Bonuses can be an effective business tool to incentivise, acknowledge and reward good performance. A bonus can also correct overall remuneration in the context of a shifting market benchmark. For many senior executives, bonuses are a significant part of their remuneration. This is particularly so in financial services and in relatively new or high growth businesses, where the business prizes flexibility in its payment of remuneration.

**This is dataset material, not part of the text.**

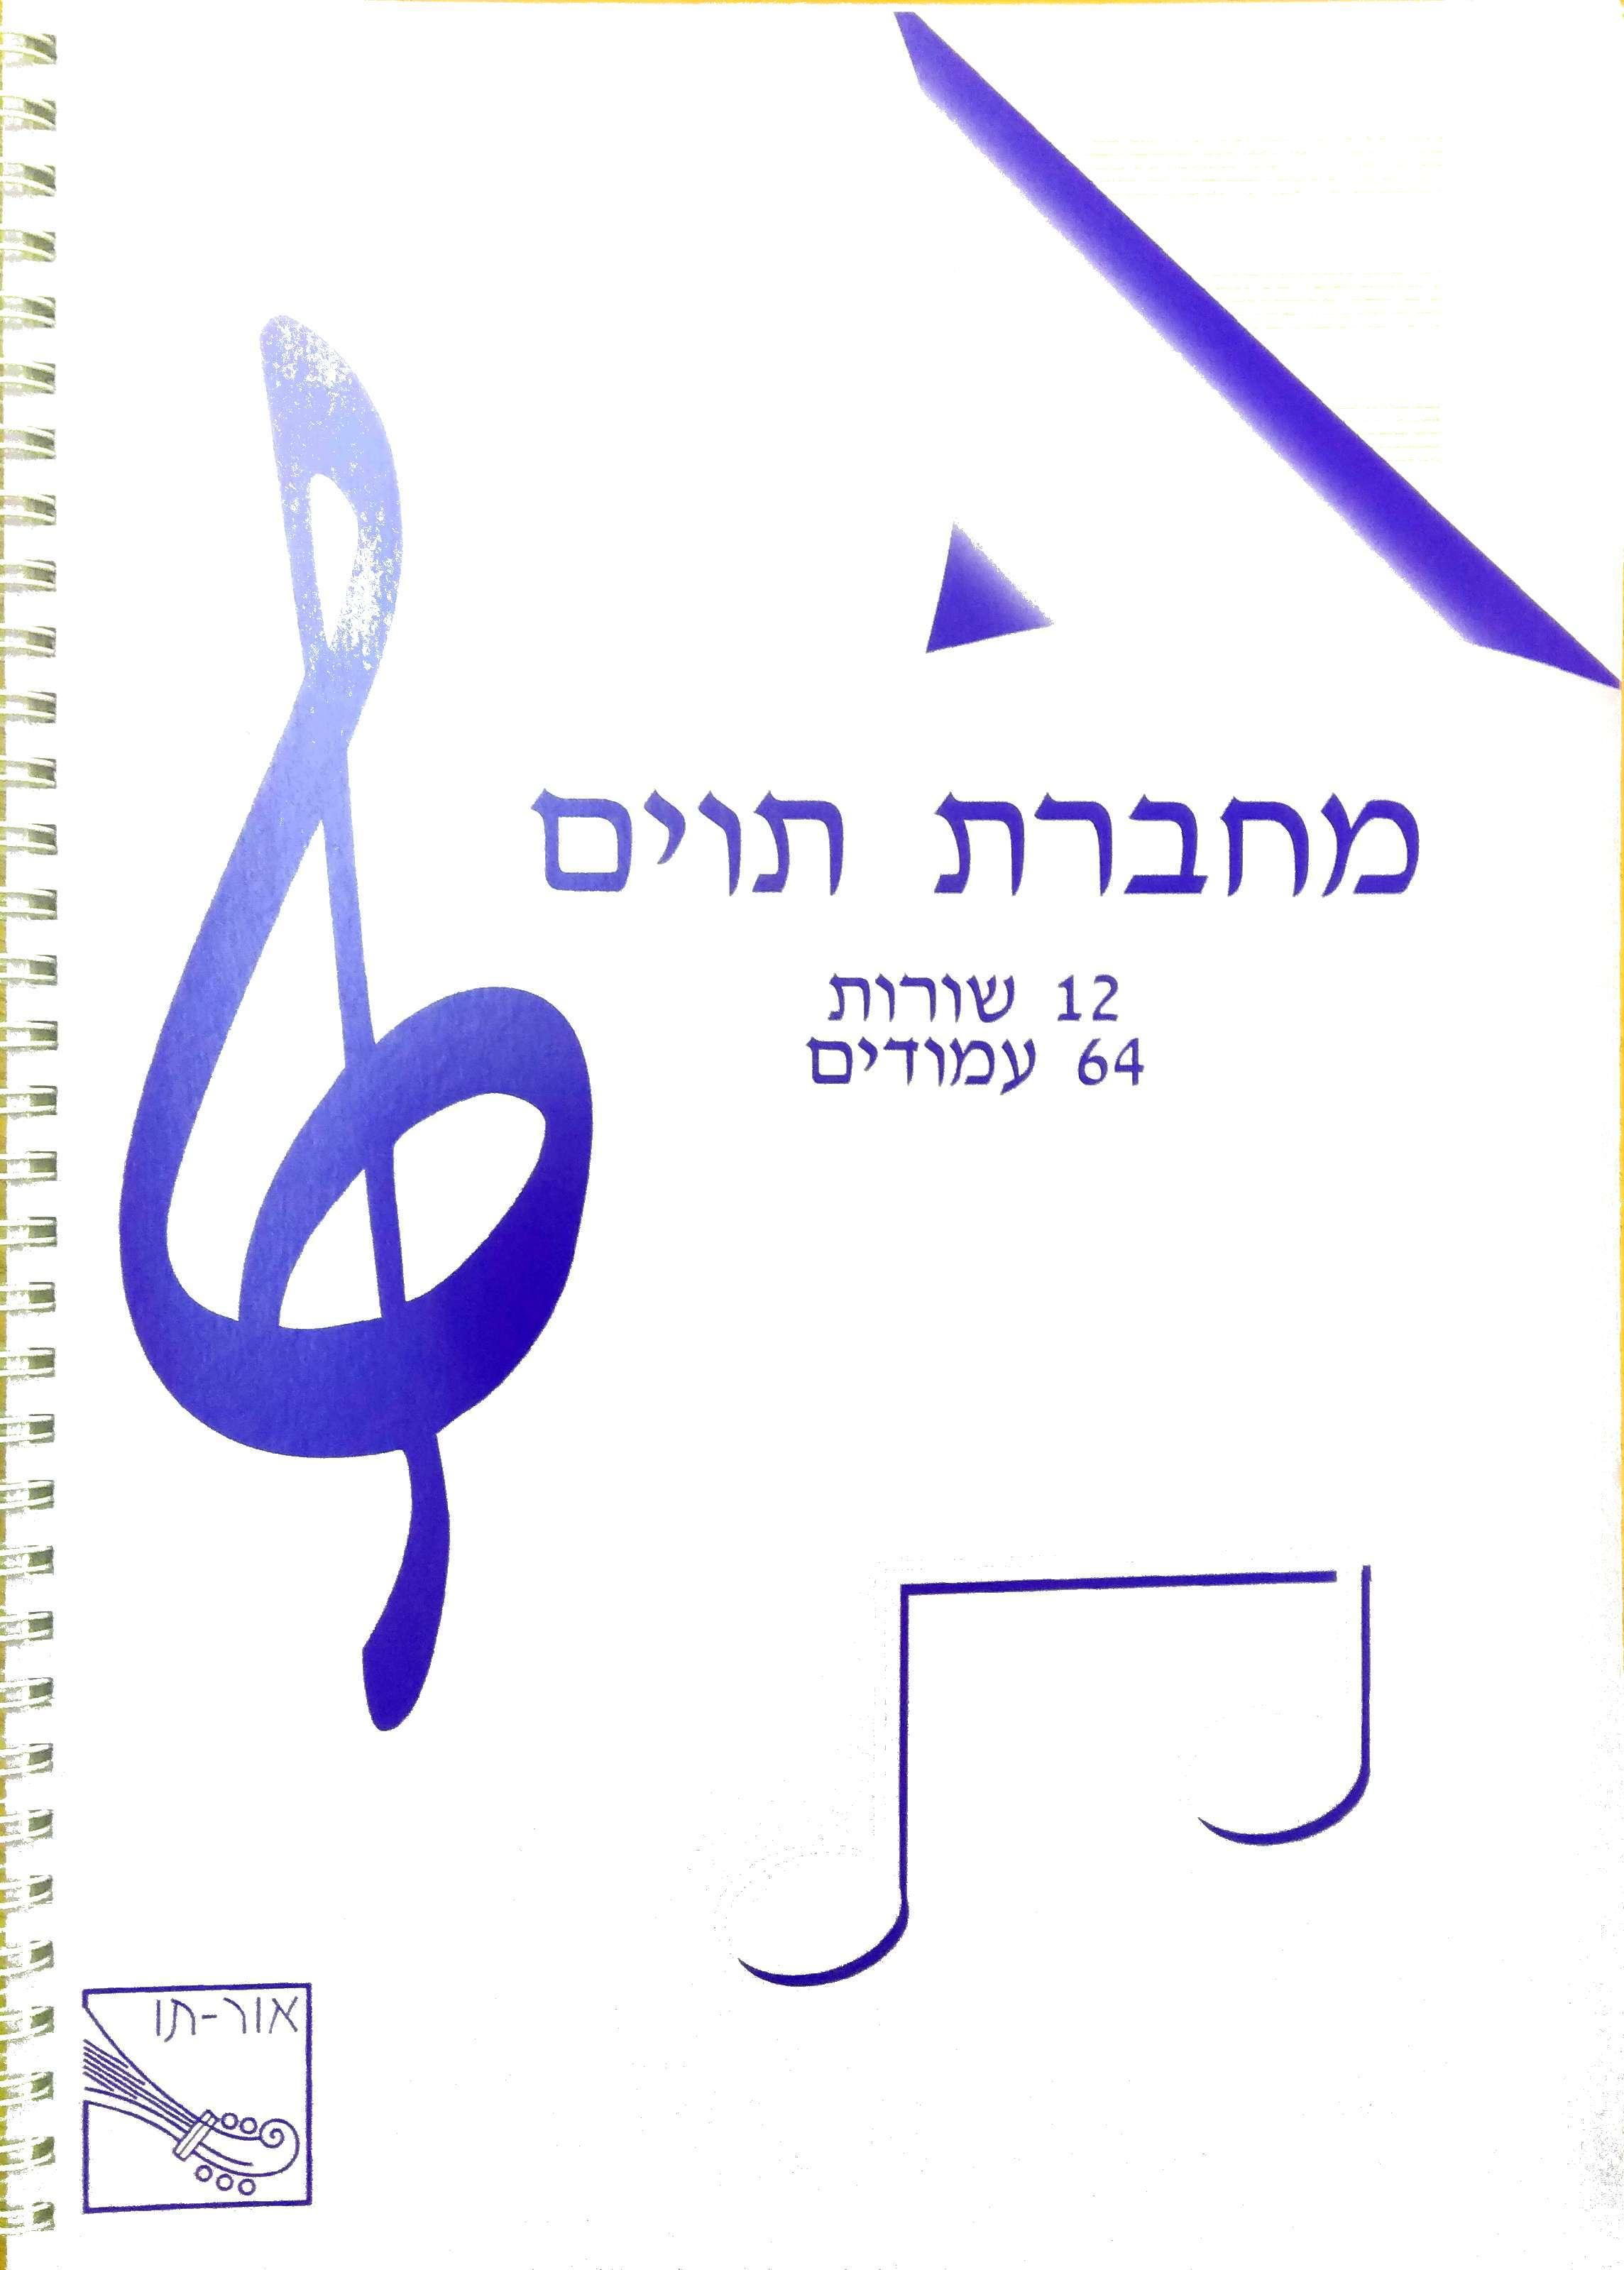 מחברת לתרגול תווים 12 שורות 64 עמודים

The financial consequences of the pandemic and spectre of significant redundancies means major adjustments to bonuses are inevitable in many sectors. Practitioners are also seeing redundancies or other dismissals towards the end of the financial year with the effect, intentional or otherwise, of defeating payment of bonus. Where jobs are scarce, this practice is far more likely to be challenged. The current climate is likely to reanimate many of the tensions seen after the credit crunch.

Discretionary powers – within the outer limits

Very often the employment contract or bonus scheme does not define entitlement to bonus in a mechanistic way; instead provides that bonus is discretionary. However, depending on the wording of the bonus provision, that does not mean the employer can avoid making a decision about what bonus to award. Moreover, there are legal limits on discretion. These include an implied obligation to exercise discretion in good faith, not irrationally or capriciously and not in breach of the implied term of trust and confidence.

Many employers do not appreciate where the dangers lie and what they can do to reduce the risk of challenges”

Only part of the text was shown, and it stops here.